Dataset records:
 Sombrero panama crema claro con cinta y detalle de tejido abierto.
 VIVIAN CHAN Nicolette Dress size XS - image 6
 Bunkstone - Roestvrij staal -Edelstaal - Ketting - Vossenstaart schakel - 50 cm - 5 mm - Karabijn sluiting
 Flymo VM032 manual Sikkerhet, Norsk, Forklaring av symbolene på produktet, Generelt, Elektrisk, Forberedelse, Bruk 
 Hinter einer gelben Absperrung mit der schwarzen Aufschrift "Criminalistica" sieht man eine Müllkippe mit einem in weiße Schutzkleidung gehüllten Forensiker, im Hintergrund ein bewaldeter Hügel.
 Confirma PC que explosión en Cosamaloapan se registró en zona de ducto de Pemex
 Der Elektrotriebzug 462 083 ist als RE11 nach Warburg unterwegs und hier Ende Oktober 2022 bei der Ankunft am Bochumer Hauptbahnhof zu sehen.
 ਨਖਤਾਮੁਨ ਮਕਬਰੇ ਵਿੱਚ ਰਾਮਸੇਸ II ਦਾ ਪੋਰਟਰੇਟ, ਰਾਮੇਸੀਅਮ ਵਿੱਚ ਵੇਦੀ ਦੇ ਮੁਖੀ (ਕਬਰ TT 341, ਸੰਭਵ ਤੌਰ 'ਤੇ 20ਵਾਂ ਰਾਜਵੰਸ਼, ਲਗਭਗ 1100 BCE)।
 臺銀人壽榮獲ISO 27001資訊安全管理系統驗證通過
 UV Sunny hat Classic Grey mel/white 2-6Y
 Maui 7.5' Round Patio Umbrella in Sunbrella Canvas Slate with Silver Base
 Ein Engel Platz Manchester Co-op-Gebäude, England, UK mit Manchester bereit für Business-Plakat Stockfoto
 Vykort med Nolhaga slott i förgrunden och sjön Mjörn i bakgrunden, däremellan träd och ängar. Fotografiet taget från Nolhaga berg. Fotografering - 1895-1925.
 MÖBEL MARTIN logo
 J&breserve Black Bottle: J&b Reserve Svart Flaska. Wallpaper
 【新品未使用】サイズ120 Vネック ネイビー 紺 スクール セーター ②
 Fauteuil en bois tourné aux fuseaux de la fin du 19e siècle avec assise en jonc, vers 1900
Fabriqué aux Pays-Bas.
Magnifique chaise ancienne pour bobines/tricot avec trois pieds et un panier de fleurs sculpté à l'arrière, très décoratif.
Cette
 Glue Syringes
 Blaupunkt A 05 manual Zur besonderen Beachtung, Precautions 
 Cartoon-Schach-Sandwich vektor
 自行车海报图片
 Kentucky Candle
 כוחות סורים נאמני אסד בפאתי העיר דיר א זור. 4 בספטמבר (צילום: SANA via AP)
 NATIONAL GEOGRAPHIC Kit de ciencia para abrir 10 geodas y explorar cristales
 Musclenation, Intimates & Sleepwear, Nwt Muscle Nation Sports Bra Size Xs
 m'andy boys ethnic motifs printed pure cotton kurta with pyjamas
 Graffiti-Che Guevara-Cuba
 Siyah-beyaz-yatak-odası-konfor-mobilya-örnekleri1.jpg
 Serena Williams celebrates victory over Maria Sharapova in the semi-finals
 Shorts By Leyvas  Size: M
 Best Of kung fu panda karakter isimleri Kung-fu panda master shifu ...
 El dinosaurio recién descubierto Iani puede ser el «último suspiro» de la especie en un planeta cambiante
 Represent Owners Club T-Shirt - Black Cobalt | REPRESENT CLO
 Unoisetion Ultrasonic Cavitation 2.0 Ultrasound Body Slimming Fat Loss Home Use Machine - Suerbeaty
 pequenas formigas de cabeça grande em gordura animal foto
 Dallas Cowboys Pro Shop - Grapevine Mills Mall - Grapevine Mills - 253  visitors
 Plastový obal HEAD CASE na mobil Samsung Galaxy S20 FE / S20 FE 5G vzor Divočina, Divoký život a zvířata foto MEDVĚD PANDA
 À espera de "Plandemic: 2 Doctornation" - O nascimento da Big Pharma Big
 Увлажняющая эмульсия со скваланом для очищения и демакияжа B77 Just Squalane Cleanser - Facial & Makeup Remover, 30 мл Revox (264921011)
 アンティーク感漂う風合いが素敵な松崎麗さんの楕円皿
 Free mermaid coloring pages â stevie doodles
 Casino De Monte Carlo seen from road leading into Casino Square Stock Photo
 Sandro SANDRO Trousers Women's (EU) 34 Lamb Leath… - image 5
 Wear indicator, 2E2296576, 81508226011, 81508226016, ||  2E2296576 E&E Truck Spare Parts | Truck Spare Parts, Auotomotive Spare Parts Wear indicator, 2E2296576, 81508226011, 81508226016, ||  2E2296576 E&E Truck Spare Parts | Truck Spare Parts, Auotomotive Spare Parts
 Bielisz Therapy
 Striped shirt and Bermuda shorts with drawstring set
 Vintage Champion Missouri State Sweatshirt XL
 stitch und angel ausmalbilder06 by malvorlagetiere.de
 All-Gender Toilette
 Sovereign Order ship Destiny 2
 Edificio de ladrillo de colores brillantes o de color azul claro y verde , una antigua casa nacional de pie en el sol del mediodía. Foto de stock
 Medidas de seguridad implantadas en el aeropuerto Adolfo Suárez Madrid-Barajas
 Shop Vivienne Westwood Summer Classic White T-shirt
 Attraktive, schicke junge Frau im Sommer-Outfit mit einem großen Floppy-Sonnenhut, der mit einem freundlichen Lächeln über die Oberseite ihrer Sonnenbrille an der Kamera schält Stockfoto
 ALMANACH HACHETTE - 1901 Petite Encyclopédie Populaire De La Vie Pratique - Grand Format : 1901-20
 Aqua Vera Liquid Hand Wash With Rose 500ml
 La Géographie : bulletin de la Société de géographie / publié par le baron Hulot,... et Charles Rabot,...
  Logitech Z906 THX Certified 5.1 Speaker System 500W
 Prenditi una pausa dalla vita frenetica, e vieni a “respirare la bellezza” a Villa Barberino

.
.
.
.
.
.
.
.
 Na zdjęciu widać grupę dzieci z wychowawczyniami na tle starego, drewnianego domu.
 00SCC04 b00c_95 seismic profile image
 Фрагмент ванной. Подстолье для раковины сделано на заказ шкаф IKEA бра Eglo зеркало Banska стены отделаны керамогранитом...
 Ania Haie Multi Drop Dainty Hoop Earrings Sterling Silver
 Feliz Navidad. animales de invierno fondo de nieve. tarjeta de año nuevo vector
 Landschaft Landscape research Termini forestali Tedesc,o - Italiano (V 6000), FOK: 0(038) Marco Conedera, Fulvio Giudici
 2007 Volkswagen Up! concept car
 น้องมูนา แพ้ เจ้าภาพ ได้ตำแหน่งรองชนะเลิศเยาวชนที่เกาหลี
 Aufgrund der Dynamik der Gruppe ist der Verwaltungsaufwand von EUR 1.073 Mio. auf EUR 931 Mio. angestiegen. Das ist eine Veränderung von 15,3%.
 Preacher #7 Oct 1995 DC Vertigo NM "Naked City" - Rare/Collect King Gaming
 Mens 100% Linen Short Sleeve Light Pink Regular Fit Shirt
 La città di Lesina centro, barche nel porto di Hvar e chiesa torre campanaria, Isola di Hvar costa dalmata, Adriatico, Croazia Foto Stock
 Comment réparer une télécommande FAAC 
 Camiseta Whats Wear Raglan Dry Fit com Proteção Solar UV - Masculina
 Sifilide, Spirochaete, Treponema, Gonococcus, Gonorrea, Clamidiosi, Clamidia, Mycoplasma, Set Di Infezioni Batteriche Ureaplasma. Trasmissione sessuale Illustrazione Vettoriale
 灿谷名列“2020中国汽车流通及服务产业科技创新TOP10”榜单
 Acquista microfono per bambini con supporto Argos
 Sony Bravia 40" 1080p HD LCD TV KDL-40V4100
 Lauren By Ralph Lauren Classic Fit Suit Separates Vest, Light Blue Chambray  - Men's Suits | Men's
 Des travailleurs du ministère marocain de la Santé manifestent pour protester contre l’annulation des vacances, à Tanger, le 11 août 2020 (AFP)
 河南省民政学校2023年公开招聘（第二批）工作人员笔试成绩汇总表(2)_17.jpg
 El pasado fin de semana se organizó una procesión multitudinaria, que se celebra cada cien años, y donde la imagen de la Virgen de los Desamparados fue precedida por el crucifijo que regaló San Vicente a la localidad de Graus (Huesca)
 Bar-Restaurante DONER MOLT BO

Aim of the exercise:
From the opening line of the data above, please print each line as written up to and including the line that contains "臺銀人壽榮獲ISO 27001資訊安全管理系統驗證通過", and nothing more.

Solution for this exercise:
 Sombrero panama crema claro con cinta y detalle de tejido abierto.
 VIVIAN CHAN Nicolette Dress size XS - image 6
 Bunkstone - Roestvrij staal -Edelstaal - Ketting - Vossenstaart schakel - 50 cm - 5 mm - Karabijn sluiting
 Flymo VM032 manual Sikkerhet, Norsk, Forklaring av symbolene på produktet, Generelt, Elektrisk, Forberedelse, Bruk 
 Hinter einer gelben Absperrung mit der schwarzen Aufschrift "Criminalistica" sieht man eine Müllkippe mit einem in weiße Schutzkleidung gehüllten Forensiker, im Hintergrund ein bewaldeter Hügel.
 Confirma PC que explosión en Cosamaloapan se registró en zona de ducto de Pemex
 Der Elektrotriebzug 462 083 ist als RE11 nach Warburg unterwegs und hier Ende Oktober 2022 bei der Ankunft am Bochumer Hauptbahnhof zu sehen.
 ਨਖਤਾਮੁਨ ਮਕਬਰੇ ਵਿੱਚ ਰਾਮਸੇਸ II ਦਾ ਪੋਰਟਰੇਟ, ਰਾਮੇਸੀਅਮ ਵਿੱਚ ਵੇਦੀ ਦੇ ਮੁਖੀ (ਕਬਰ TT 341, ਸੰਭਵ ਤੌਰ 'ਤੇ 20ਵਾਂ ਰਾਜਵੰਸ਼, ਲਗਭਗ 1100 BCE)।
 臺銀人壽榮獲ISO 27001資訊安全管理系統驗證通過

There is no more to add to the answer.